Title:Topics of Interest to Women
Notice:V3 is closed. TURRIS::WOMANNOTES-V5 is open.
Moderator:REGENT::BROOMHEAD
Created:Thu Jan 30 1986
Last Modified:Fri Jun 30 1995
Last Successful Update:Fri Jun 06 1997
Number of topics:1078
Total number of notes:52352

28.0. "Emotional Health" by LYRIC::BOBBITT (pools of quiet fire...) Tue Apr 17 1990 15:29

    
    This topic is for discussing emotional health and wellbeing and
    related subjects.  Feel free to present articles, discuss viewpoints on
    how you feel, environmental effects on our wellbeing, pathways to peace
    of mind, etc.
    
T.RTitleUserPersonal
Name
DateLines
28.1can't thnk of a titleLYRIC::QUIRIYChristineSun Apr 22 1990 10:27128
    I found the following article to be interesting and thought provoking. 
    Again, I didn't know where to put this (either here or in the "News 
    Clips" note) but decided this was the better place for it.

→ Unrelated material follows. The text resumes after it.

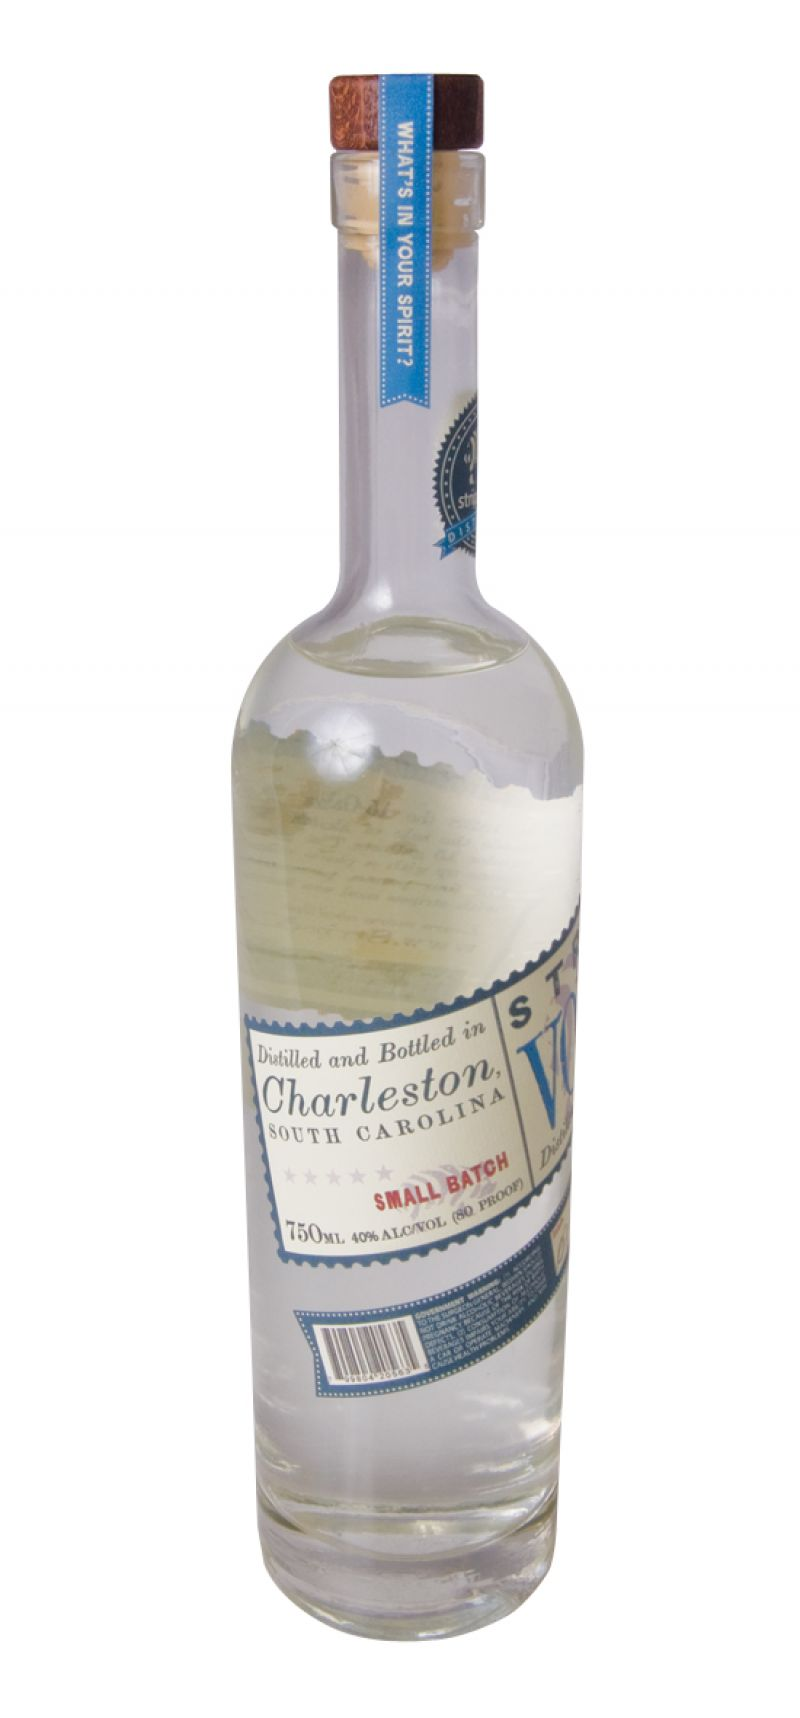 "High Wire Hometown Vodka, $27.99, <a href=""http://www.moultrienews.com/article/20131019/MN02/131019727/0/-x201c-i-didn-x2019-t-know-yall-were-cops-x201d"">http://www.moultrienews.com/article/20131019/MN02/131019727/0/-x201c-i-d...</a>"

    I started going to a feminist therapist about 6 months ago.  I think 
    she's absolutely _the best_ therapist I've ever had.  As a well-worn 
    traveller of the self-help aisles in bookstores far and wide, and a 
    veteran of several unsatisfactory (and brief) alliances with counselors
    of varying qualification, age, sex, and of uncertain theoretical 
    position, I'd started having my doubts about the "help" I was getting. 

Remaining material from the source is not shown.